I wouldn’t name my teddy bear Lavell. That would be a great name for an old bulldog.
I also immediately went down #12’s path — did you mean teddy *bears*???
OK, I have to confess another embarrassing tidbit from my mission. I had a companion with a small collection of stuffed animals that she had named after authority figures (like our mission president). One was a bear named “Dr. Dieter” after our current area authority. When they called him to be an apostle I nearly fell off my chair laughing at the memory of the little teddy bear who used to say things like “we are all Europeans and all Mormons and so we all speak the same gospel language” in a heavy German accent.
OK, I smell a church merchandising opp… Build-a-Brigham. Soon to be followed by Build-a-Bruce, Build-a-Porter and Build-a-HartmanRectorJr.
Strike it up to transatlantic language differences.
I’d choose Odin after my grandfather. Yes, his real given name.
You can’t name a bear Dieter unless he can dahnce.
You are right David (#22). Maybe if the more common English name Joshua was an option, more people would choose it.
Joshua is analogous with Jesus and some linguists claim the name Joshua is a contraction of the name Jehoshua, which means “Jehovah the Savior.”

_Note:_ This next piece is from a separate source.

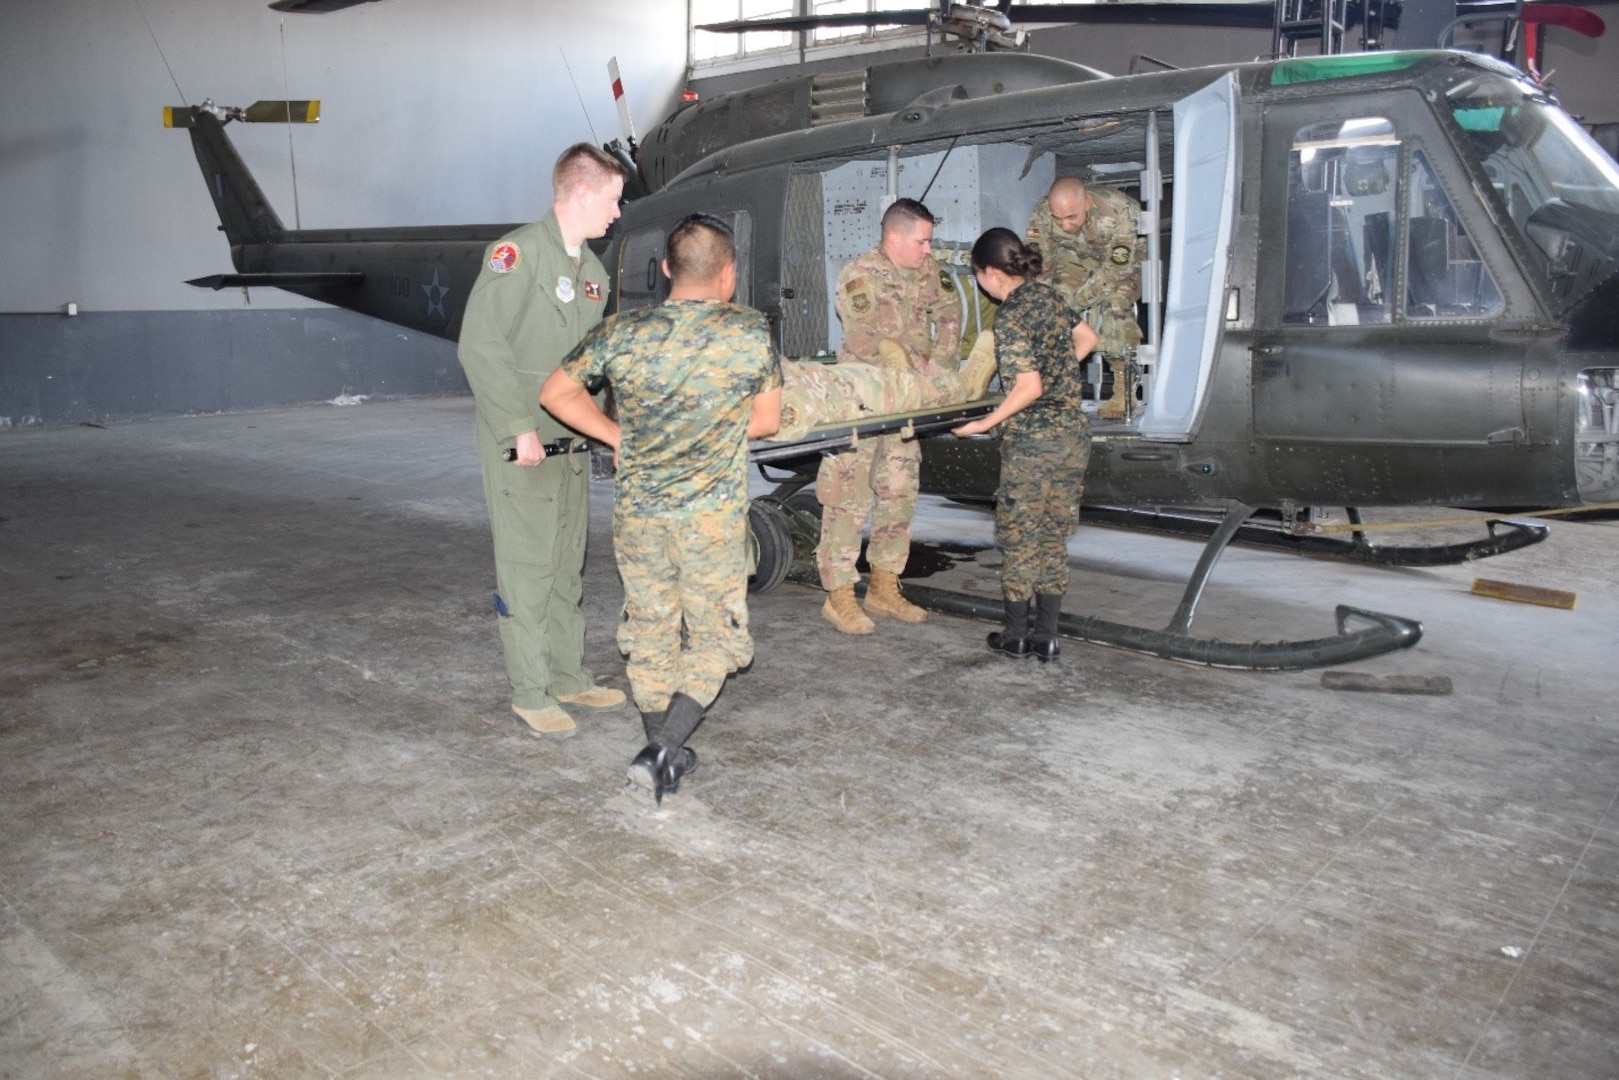 Air advisors from the 571 Mobility Support Advisory Squadron, and Guatemalan air force students practice loading a litter patient into the partner nation’s UH-1 aircraft during a mobile training mission at Aurora Air Base in Guatemala. The students are part of the first aeromedical evacuation unit in the Guatemalan air force. (Courtesy Photo)

I don’t think it has to do with Catholicism vs Protestantism since some Catholic nations such as France and Italy don’t use the name Jesus/Gesu for naming children.
It appears to be a Spanish thing, so countries with heritage from Spain and Spain itself of course.
I would definitely name a teddy bear Lorenzo or Moses.
You are right Peter,
Jesus was a common name during the time of Jesus Christ. I believe it became less common among cultures due to the veneration of Jesus Christ, since it is His first name. Jews on the other hand probably stopped using it because of the strong links to Christianity.
But you bring a good point. Names that are closely linked to the actual title “Christ” are not found to be objectionable in any language. “Christopher” for example, which means “bearing Christ inside/within,” seems to me that it should be more objectionable than Jesus since it uses the actual title of Christ in it.